Data below:

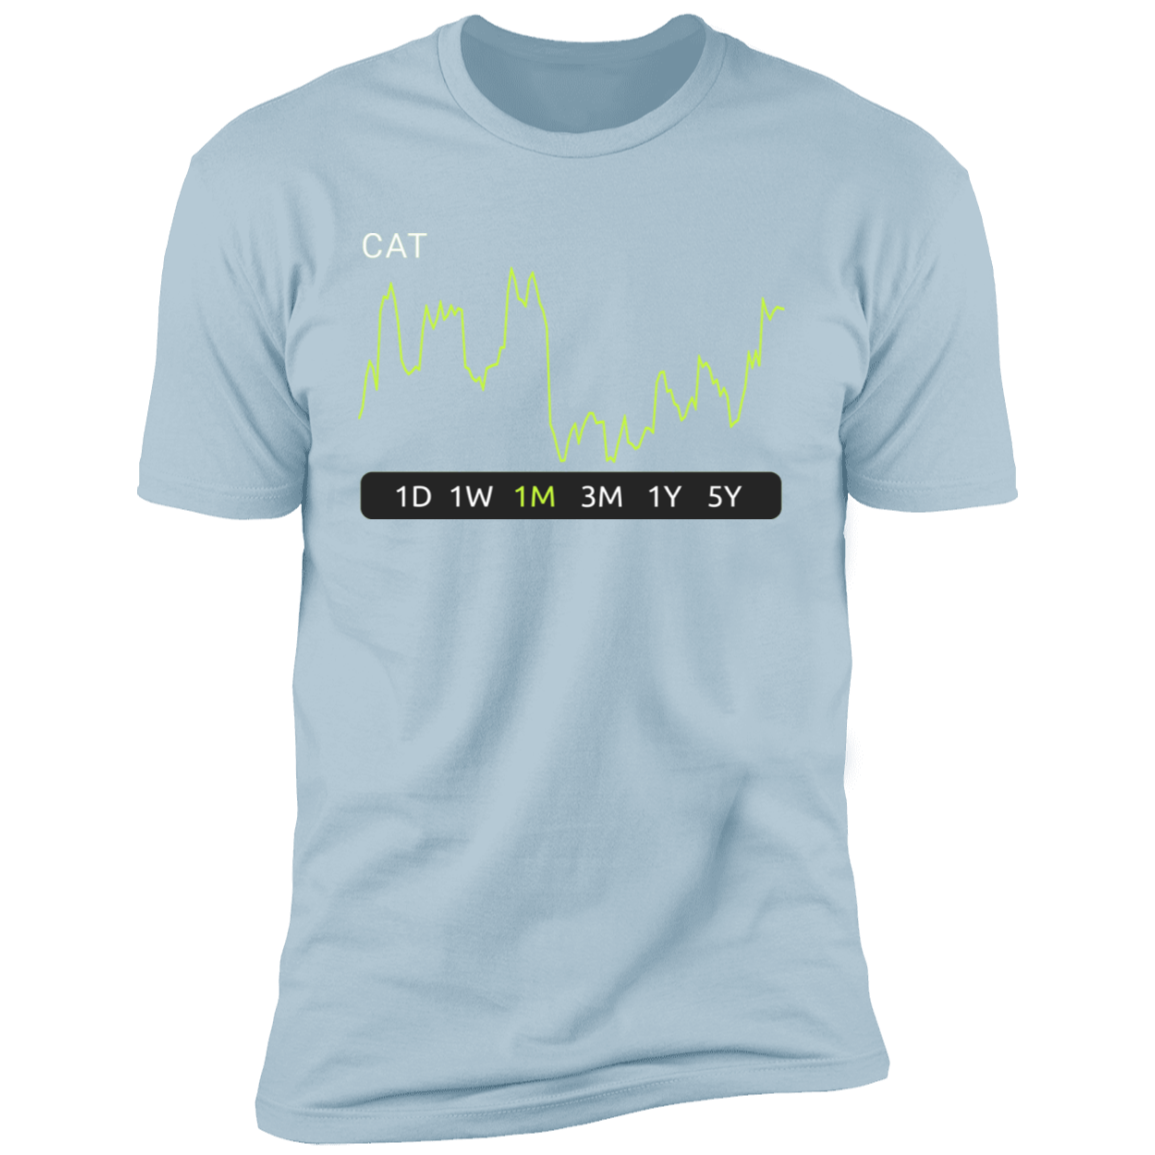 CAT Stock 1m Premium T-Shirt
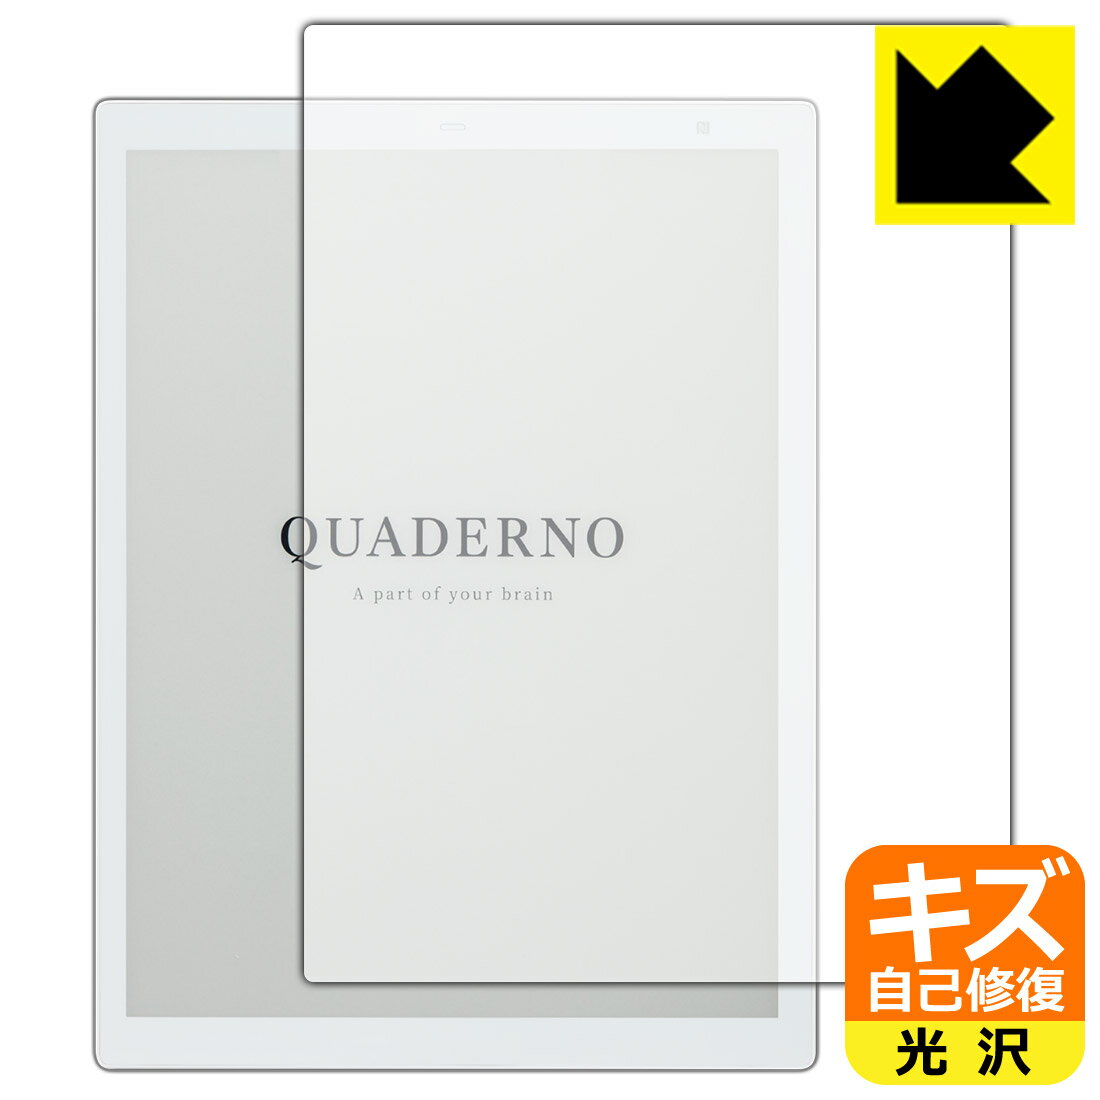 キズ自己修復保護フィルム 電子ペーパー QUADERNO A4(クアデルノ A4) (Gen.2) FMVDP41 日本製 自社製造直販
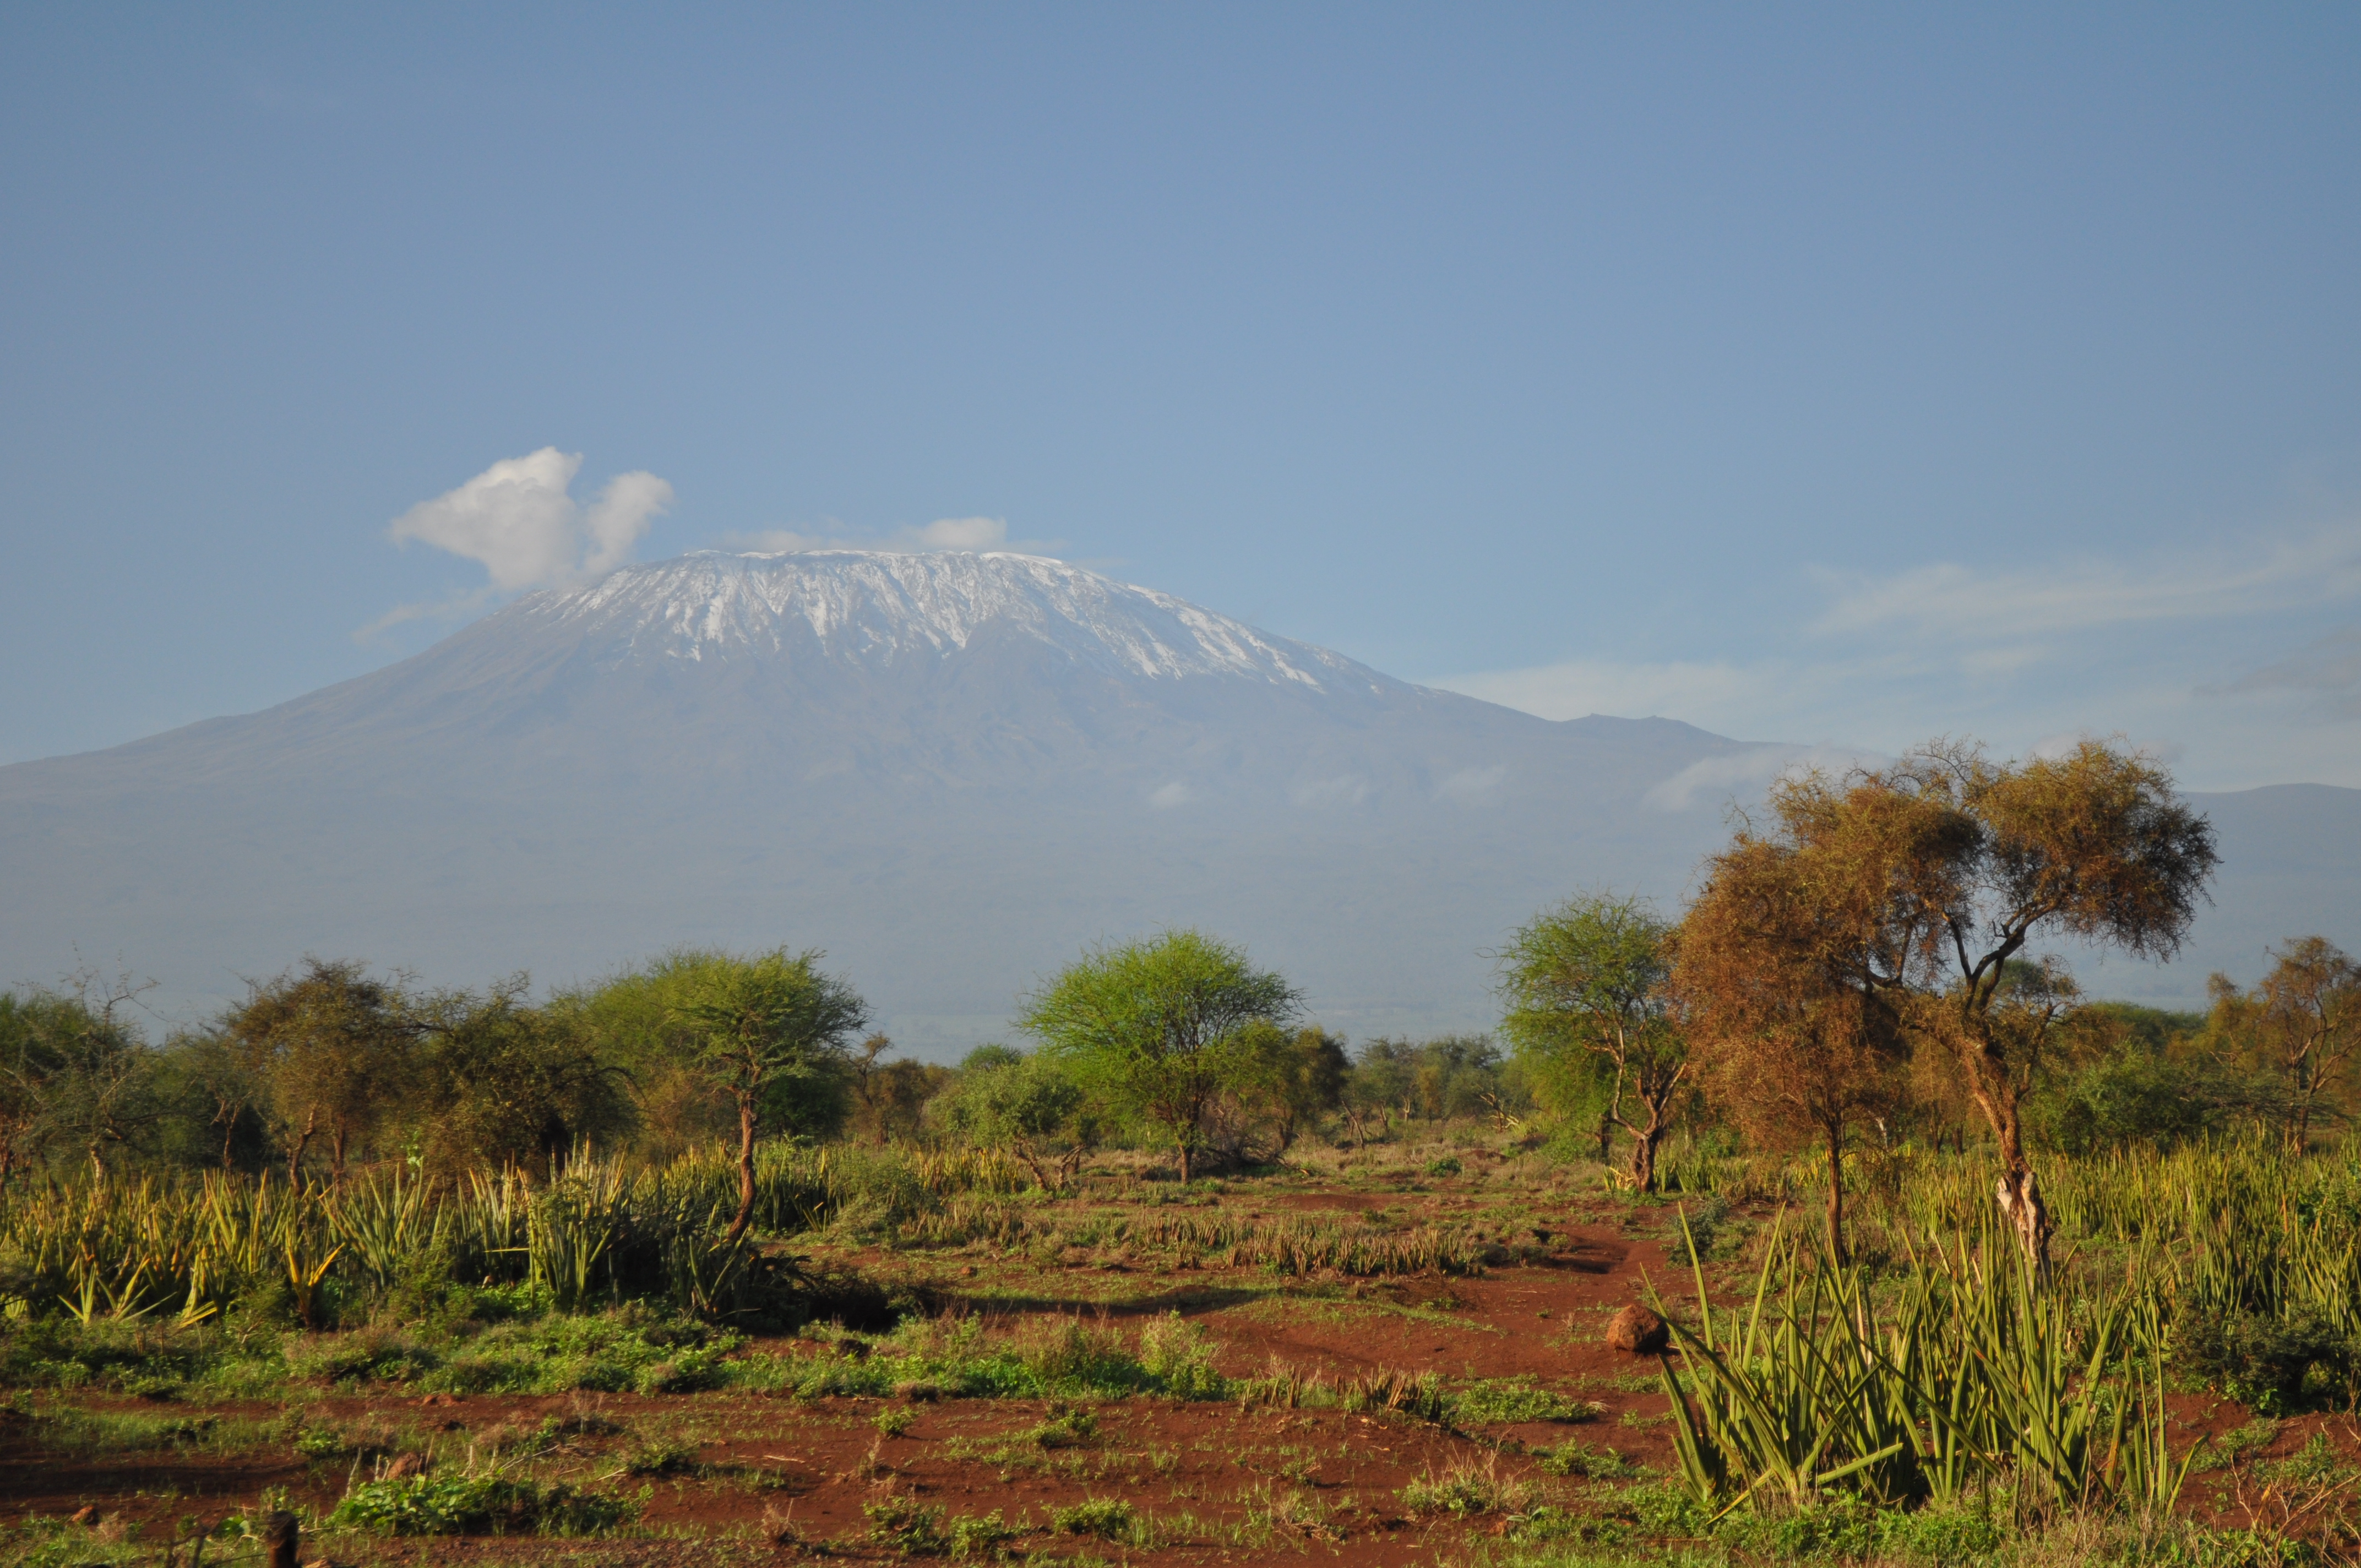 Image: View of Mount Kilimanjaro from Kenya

Goal of the exercise:
Omit pictures and output the listing exactly.

Task result:
 CAT Stock 1m Premium T-Shirt
 キズ自己修復保護フィルム 電子ペーパー QUADERNO A4(クアデルノ A4) (Gen.2) FMVDP41 日本製 自社製造直販
 Image: View of Mount Kilimanjaro from Kenya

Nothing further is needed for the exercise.